- Born: Syed Mohammad Taqweem Ahsan June 17, 1959 (age 67) Lahore, Islamic Republic of Pakistan
- Education: Masters in journalism
- Occupation: Journalist
- Notable credit(s): Joint Editor Daily Mahaz Lahore, Deputy Editor Daily Din Lahore, Magazine Editor Daily Al Jareeda Lahore.
- Relatives: Bismil Saeedi (Eesa Ahmad), renowned India (known as the "Grand Father")
- Website: https://smtaqweem.blogspot.com/

= Syed Mohammad Taqweem Ahsan =

Pakistani writer and journalist

Syed Mohammad Taqweem Ahsan (Urdu: سید محمد تقویم احسن), nom de plum S. M. Taqweem (Urdu: ایس ایم تقویم) is a journalist, social worker, and newsreader from Pakistan.
He is the founder president of a welfare organisation called "Burncare".

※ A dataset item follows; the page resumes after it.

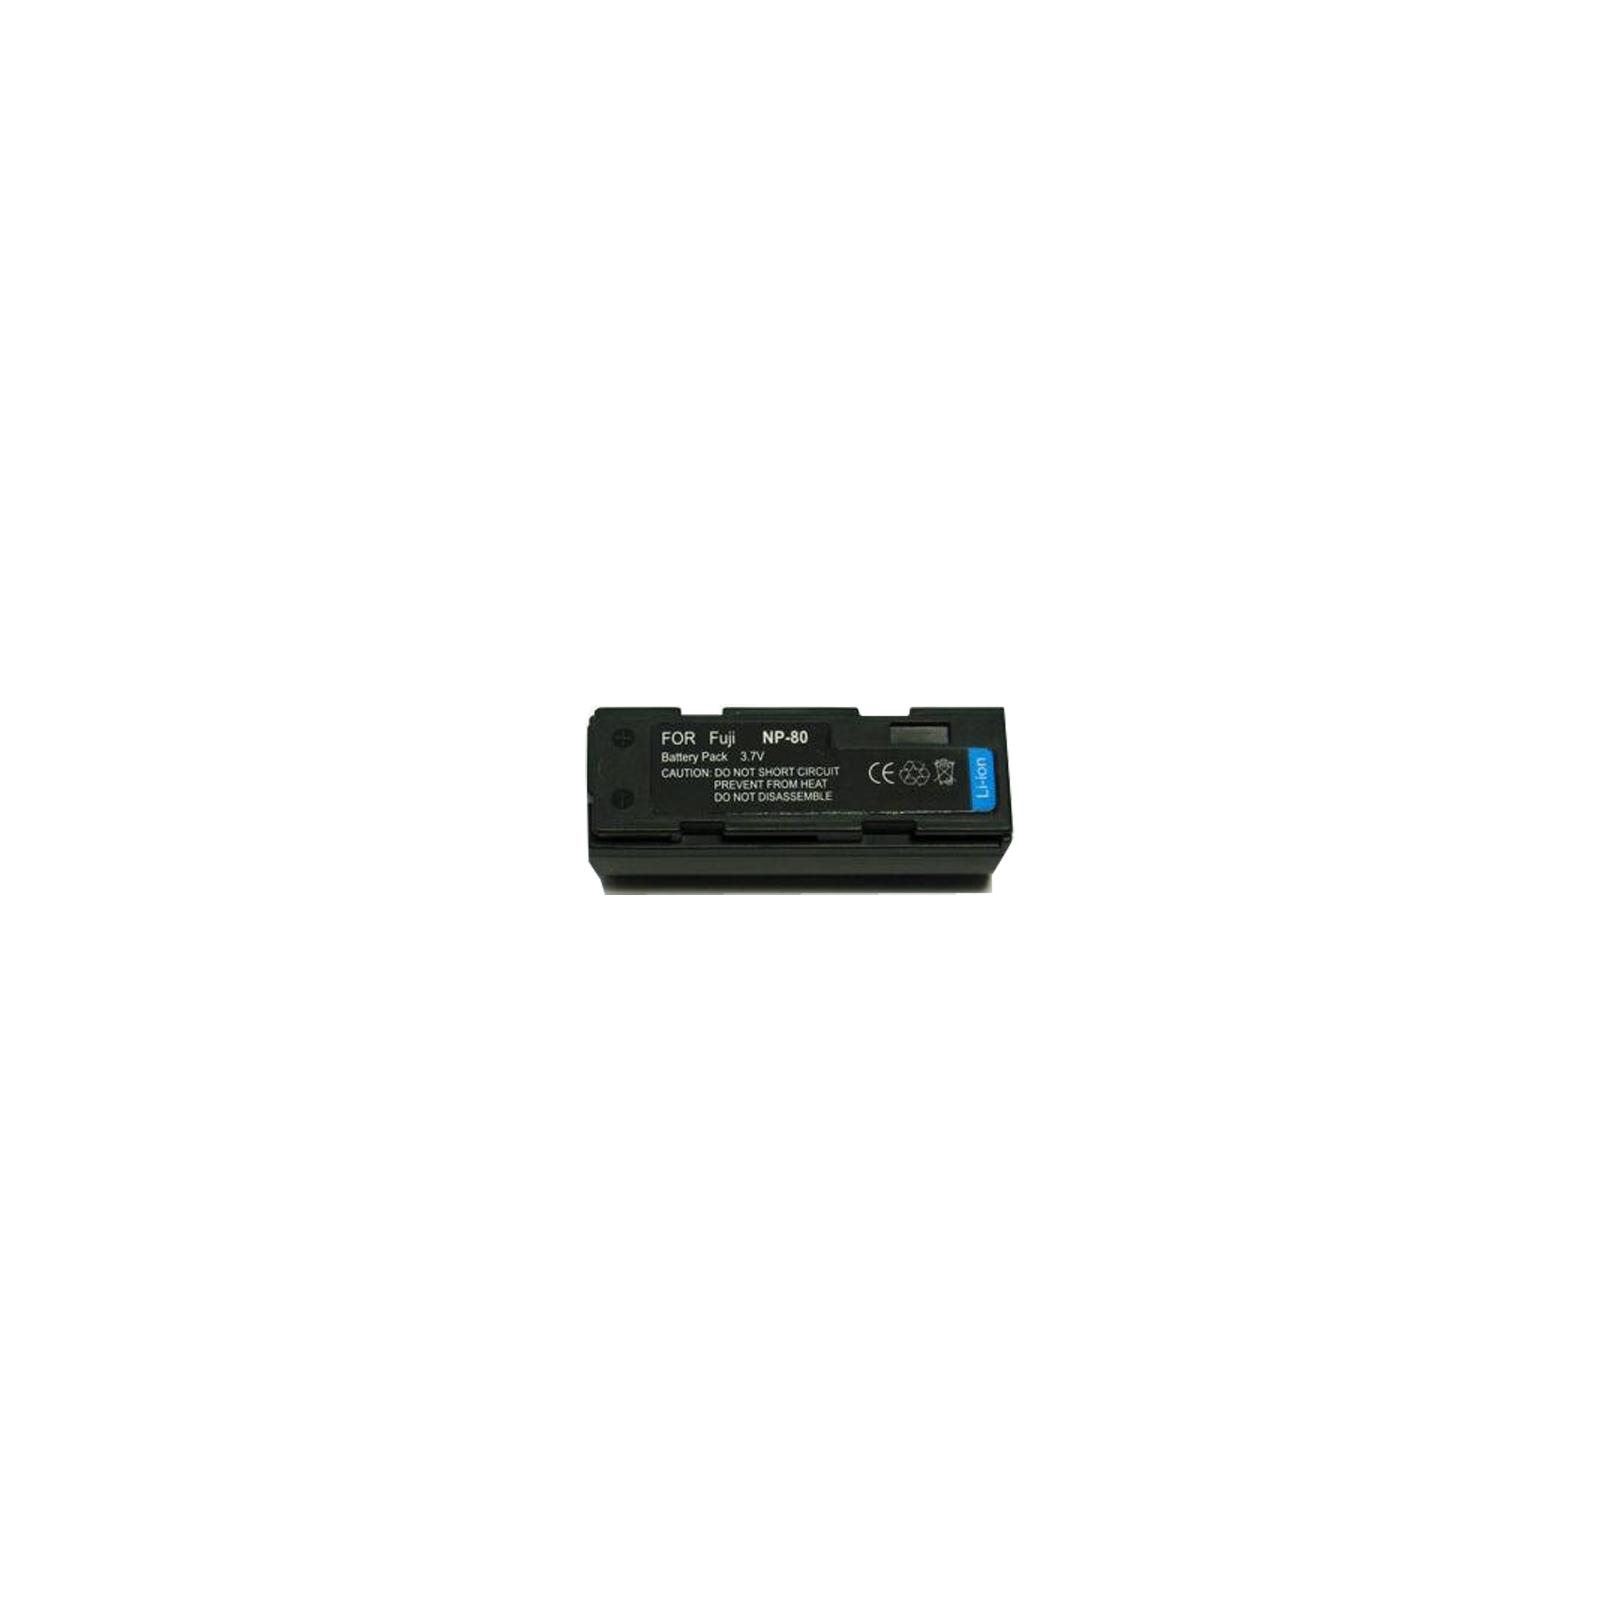 Аккумулятор к фото/видео PowerPlant Fuji NP-80 (DV00DV1048)

==Early life and education ==

S. M. Taqweem was born in Lahore. He received his primary education at Abbottabad and afterwards studied at Lahore until he matriculated, and then again proceeded to Abbottabad, where he studied for his degree (FSc). After graduating from Lahore, he was admitted to the University of the Punjab for an MA in journalism.

==Journalistic career==

S. M. Taqweem is a senior journalist, with a quarter of a century's experience. He has worked for almost all of Pakistan's major newspapers. His career started in 1979 as a cartoonist for the "Saadat". In 1980 he joined the Nawa-i-Waqt in Lahore as a trainee, and then The Pakistan Times in 1982. He joined the daily Jang in Lahore as a sub-editor, where he continued until 1990. Taqweem joined the Daily Pakistan as a senior sub-editor, in which role he stayed till 1997, when he resigned in order to join the Din newspaper as chief news editor/deputy editor; in 2002 he joined the Awaz, where he is currently working as chief news editor.

In 1995 he applied to the London School of Journalism in the United Kingdom; his application was accepted, but he was unable to follow up on it due to the severe illness of his wife.

He has worked as a newsreader for Radio Pakistan, in Lahore.